Mais je suis là trop sérieux au sujet d'un volume qui n'est, d'abord, qu'un très bon moment de détente.

O. Kempf

Commentaires

1. Le vendredi 2 mars 2012, 19:46 par Laurent

Entièrement d'accord. Cette BD est excellente.
Mais je signale aussi l'excellentissime "De Gaulle à la plage", où l'on voit "mon Général" transformé en Jacques Tati dans "Les Vacances de M. Hulot".
A se tordre !!...

égéa : oui, je l'avais vu aussi en feuilleton, mais n'ai pas eu le volume final.

2. Le vendredi 2 mars 2012, 19:46 par TiFlo

Le Tome 1 se laisse tout aussi lire. On y suit moins la grande histoire que les débuts de Vlaminck aux AE et son initiation aux jeux de cour du ministère. Moins dense que le second volume, je l'ai cependant trouvé plus tordant car l'enchainement de situations sans réel rapport les unes aux autres (malgré l'apparition du conflit au Lousdem) privilégie le suivi des rapports entre les différents protagonistes et leur course effrénée derrière Sa majesté gesticulante.

De quoi doubler le moment de détente en somme.

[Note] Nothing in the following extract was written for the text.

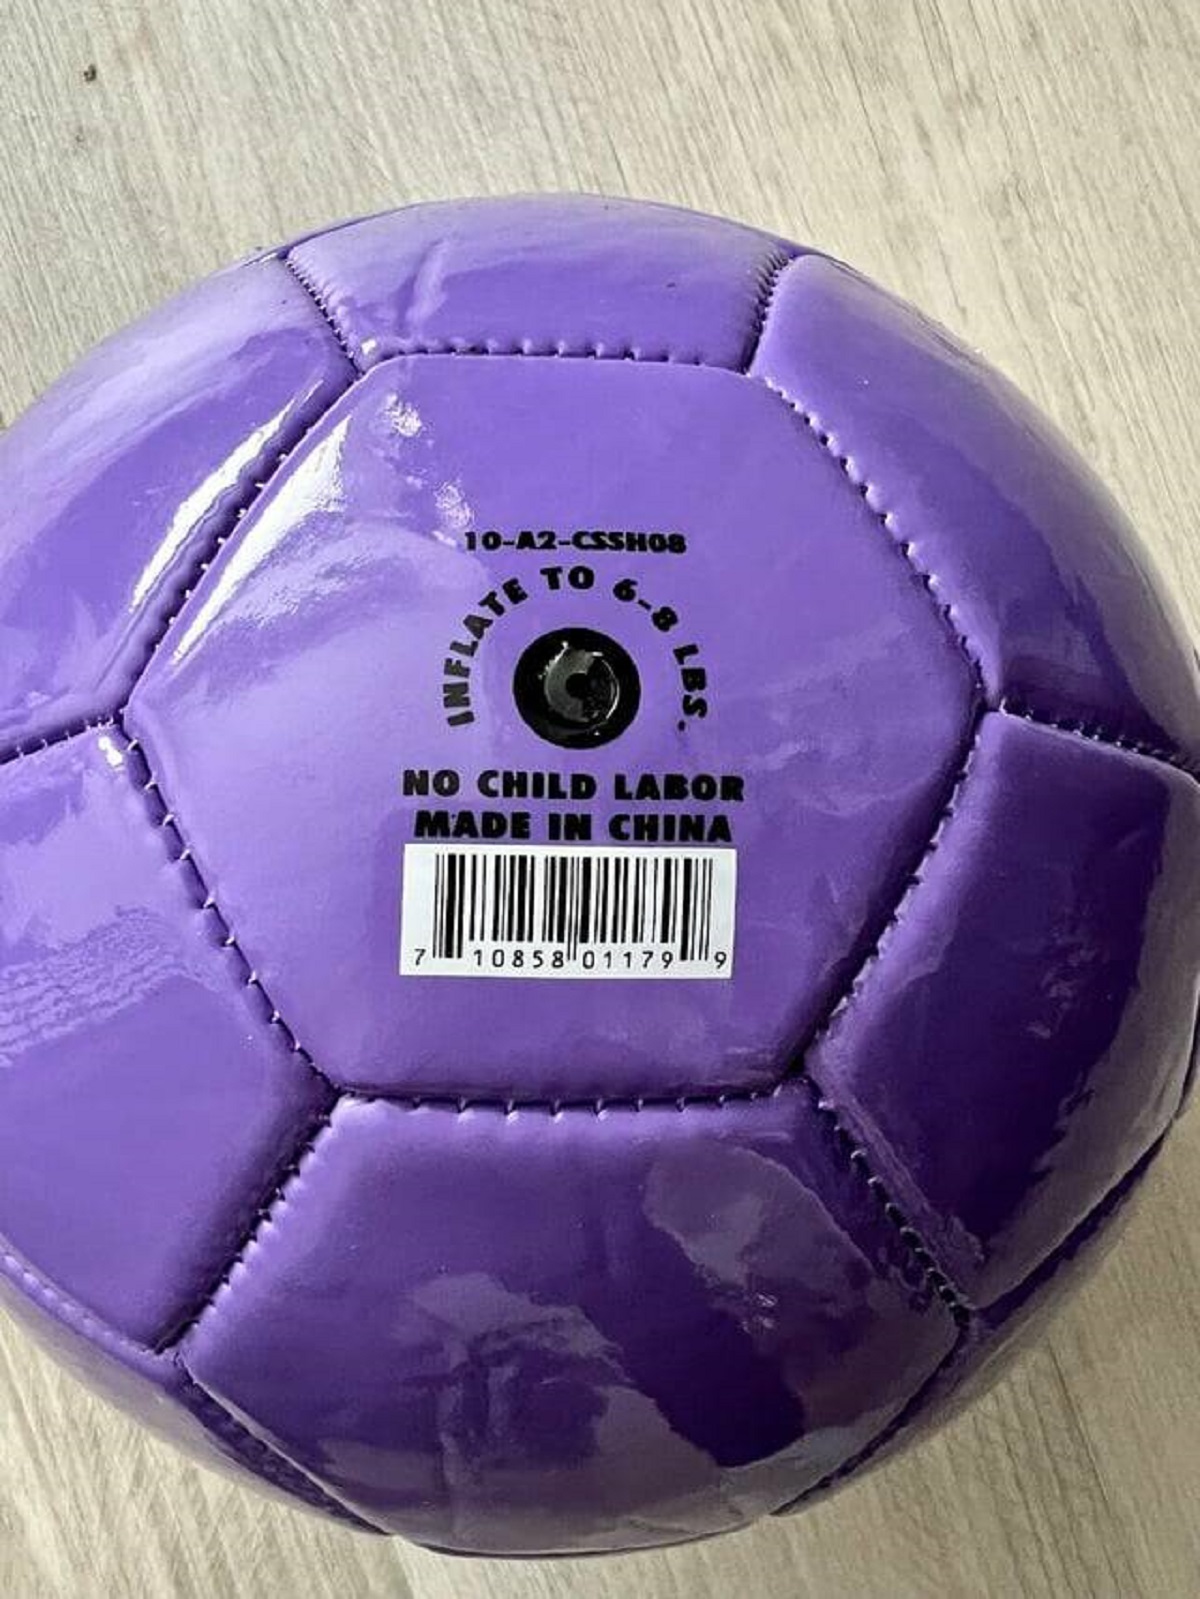 "This ball claims no child labor used"

3. Le vendredi 2 mars 2012, 19:46 par

Elle me plaît, cette note, Olivier, car j'y retrouve ce que j'ai ressenti en lisant le deuxième tome des aventures du candidat présidentiel le plus flamboyant... et le plus improbable. Elle rend hommage aussi au travail du bouquin - ce n'est pas une BD ordinaire, le scénario est un trésor d'invention - et au travail d'un cabinet, avec son accumulation de frustrations et la terreur que font régner les chefs, pour ceux qui veulent bien se laisser terroriser.
Mais tu poses aussi la bonne question : le discours à l'ONU était-il un "truc" de communication pour un homme politique un peu littéraire voulant se valoriser ou, au contraire et derrière la formule, n'était-ce pas la voix éternelle de la France, puisant aux racines du discours gaulliste relayé par un Chirac qui n'a jamais eu sa langue dans sa poche face aux Américains ?
C'est peut-être ça qu'on voit bien dans la BD, la décision du chef est un mélange d'inspiration propre, avec de la hauteur stratégique, et d'utilisation très tactique d'infos puisées par les conseillers comme: l'Allemagne est contre l'intervention, ne la laissons pas seule, c'est une occasion historique.
Et quels que soient les ridicules de notre Don Quichotte Taillard de Worms, laissons à DDV le bénéfice d'avoir su incarner un bref instant les ambitions d'un pays qui ne se résigne pas, malgré la baisse de son poids spécifique, et préfère se tromper seul (ou avec quelques-uns) que réintégrer le giron de l'OTAN sans contrepartie !

égéa : je plussoie vigoureusement. C'est bien pour cela que j'ai remis en entier la fin du discours. Ce n'était pas que du panache, c'était la France éternelle. Quant au travail de cabinet, tu sais bien que je ne peux que t'approuver.